APPROVAL AND PRE-EMPTION CLAUSES IN JOINT-STOCK COMPANIES
(Up-dated 01.15.98)


Amongst the rights benefiting any shareholder is that of selling securities, no person can be a "prisoner" of his securities (on the condition that a buyer can be found). Although this freedom to sell, a principle of public order, can be limited, in no case can it totally disappear. A partner who wishes to sell his shares cannot be totally prevented from doing so, in price conditions which are fair when compared to the market. Such limits can be easily understood given everything that is at stake when share are sold, stipulations exist corresponding to each of the stakes to eliminate possible risks (share acquisition or even majority acquisition by hostile third parties, the dispersion of shares of a family company, undesirable interference etc.). It is possible, for example, to mention clauses which aim at putting a ceiling limit on participation, exit clauses, or pre-emptive rights, often combined with approval clauses which are the subject of this paper. The mechanism of the approval consists in submitting any transferee of shares in a company to the company's approval, thereby ensuring a preventive control and above all the faculty to refuse entrance of a candidate partner. It is a question of taking into consideration the personality (artificial or natural) of the candidate, which comes down to instilling in the company the notion of intuitus personae which traditionally characterises companies of people as opposed to capital companies.

Although the law no. 66-537 of 24.07.1966 gave the possibility of inserting an approval clause in the articles of incorporation of corporations (the law's articles 274 to 277 give the mechanism for joint-stock companies) the existence of such clauses do not date from this law as courts recognised their validity at the end of the last century. A great deal can be learnt from the abundant legal cases in the area as they complete and give precision on the legal mechanism. Within joint-stock companies, the law distinguishes companies listed on the stock exchange, by organising a special procedure of approval for them, their securities being negotiated by the intermediary of a investment service company. But in addition to this procedural difference, it transpires that in listed companies, approval clauses are prohibited or made almost inapplicable because of stock exchange regulations.
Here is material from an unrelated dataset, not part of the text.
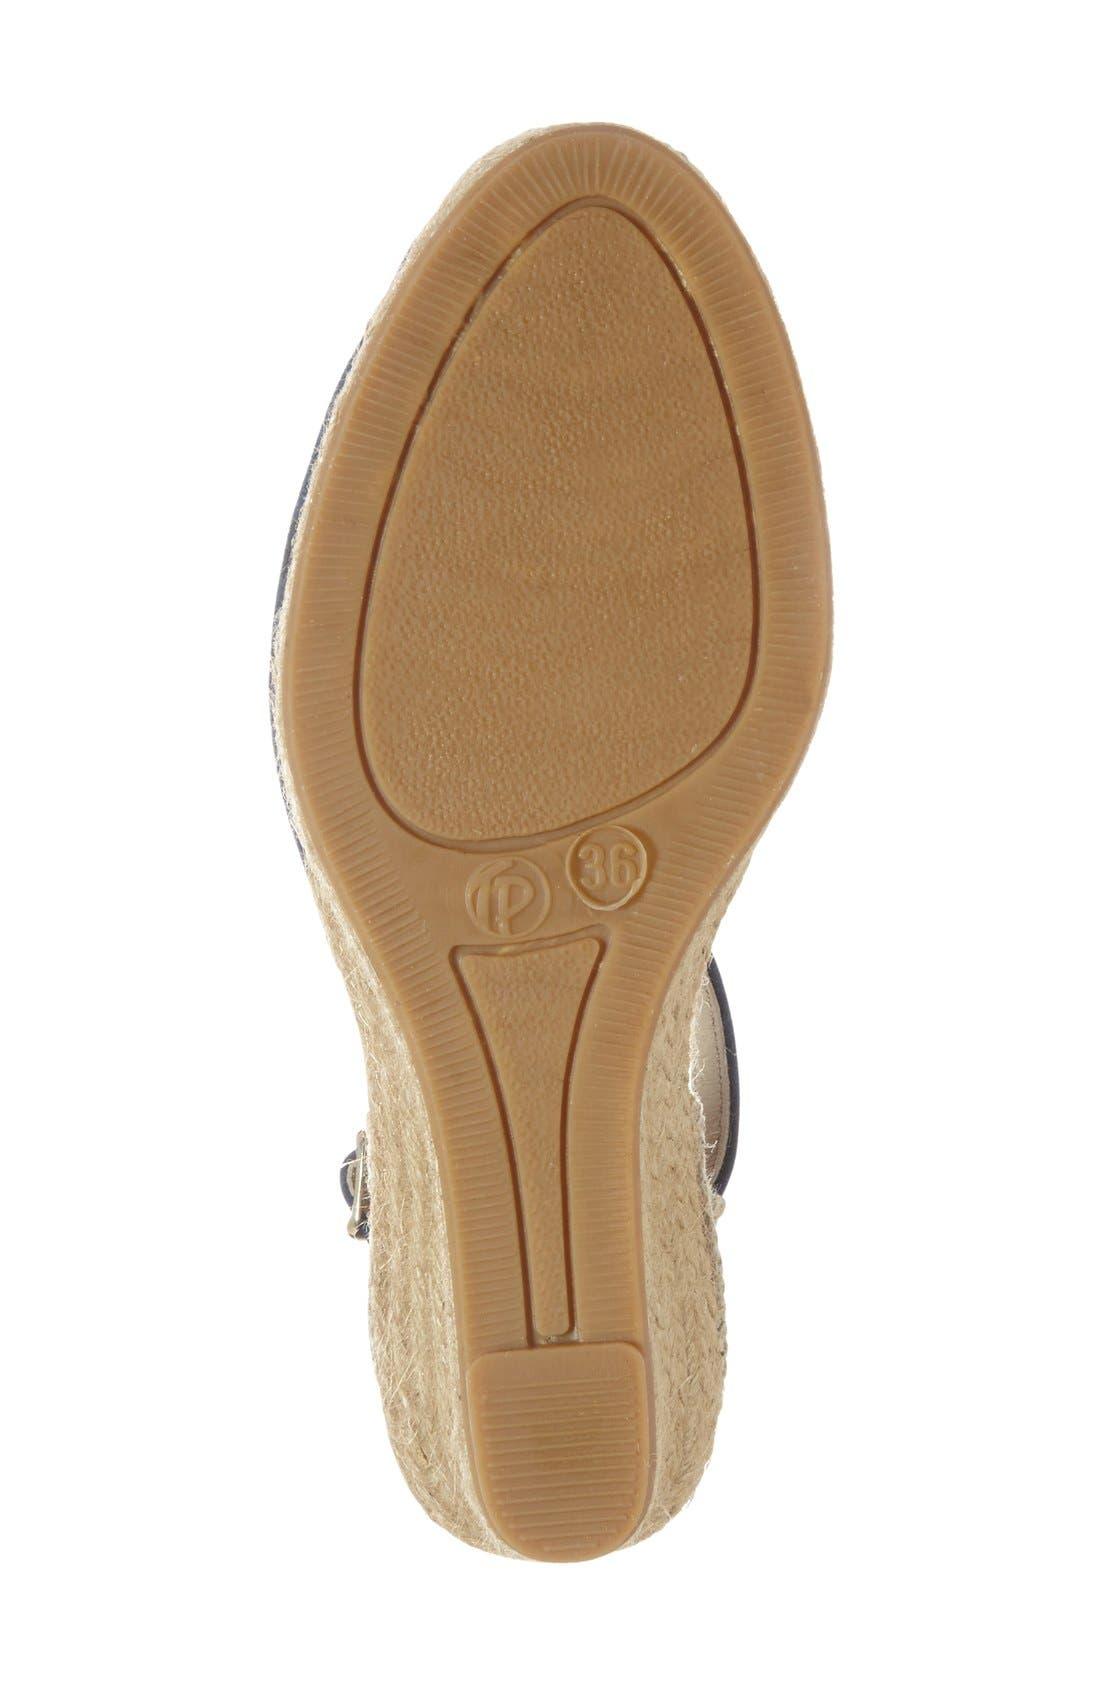 Alternate Image 4  - Toni Pons 'Lloret-5' Espadrille Wedge Sandal (Women)
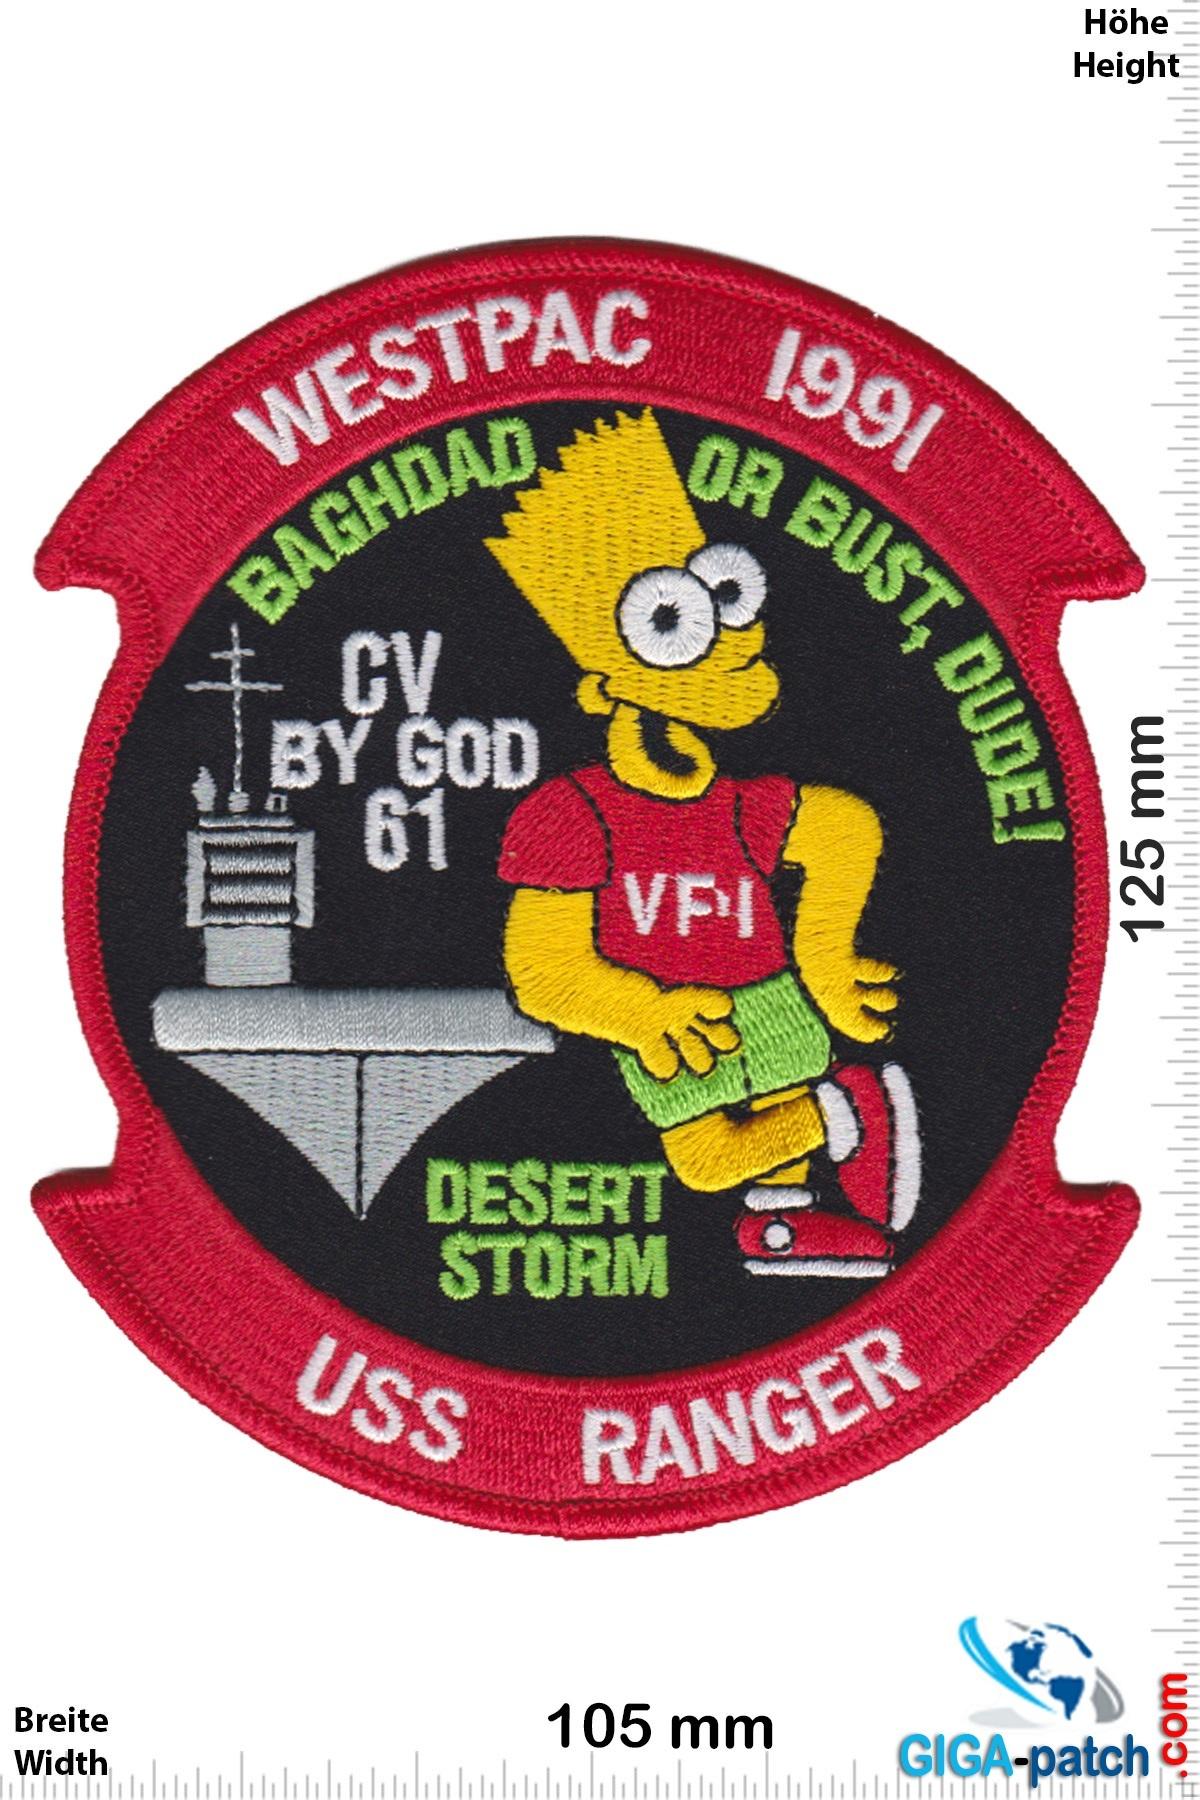 U.S. Navy CV-61 USS RANGER - BART SIMPSON WESTPAC 1991 CRUISE- HQ

Finally, it should be noted that procedures which have the same aim of such approvals exist in most foreign countries, and that community law also accepts that such restrictions can exist for the sale of shares.



APPROVAL CLAUSES IN JOINT-STOCK COMPANIES


I - Approval clauses admitted for joint-stock companies by the law of 24.07.1966.

A -A legal derogation from the principle of the negotiability of shares

1 - The assumption: the liberty to sell shares

2 - The limit: introduction of a dose of intuitus personae

B - The conditions of validity of approval clauses

1 - Legal prohibitions (article 274 of the law of 24.07.1966)

2 - The prohibition of approval clauses between shareholders (decision of the trade chamber of the Cour de cassation 10.03.1976)

3 - Legal obligations (companies exercising certain professions, press companies)

4 - The securities aimed at by approval clauses

C - Clauses within or without the articles of incorporation


II - The implementation of approval clauses

A - The procedure of approval for the transferee

1 - The competent body for granting approval

2 - The procedure for requesting approval

3 - Granting approval

B - Refusing approval and the resulting rights for the transferor

1 - The decision to refuse the transfer

2 - The partners' obligation to buy the shares

3 - The faculty of the transferor to refuse to sell his shares

C - Breach of an approval clause

D - Particular cases

1 - Approval clauses and mergers

2 - Approval clauses and pledged securities (article 277 of the law of 24.07.1966)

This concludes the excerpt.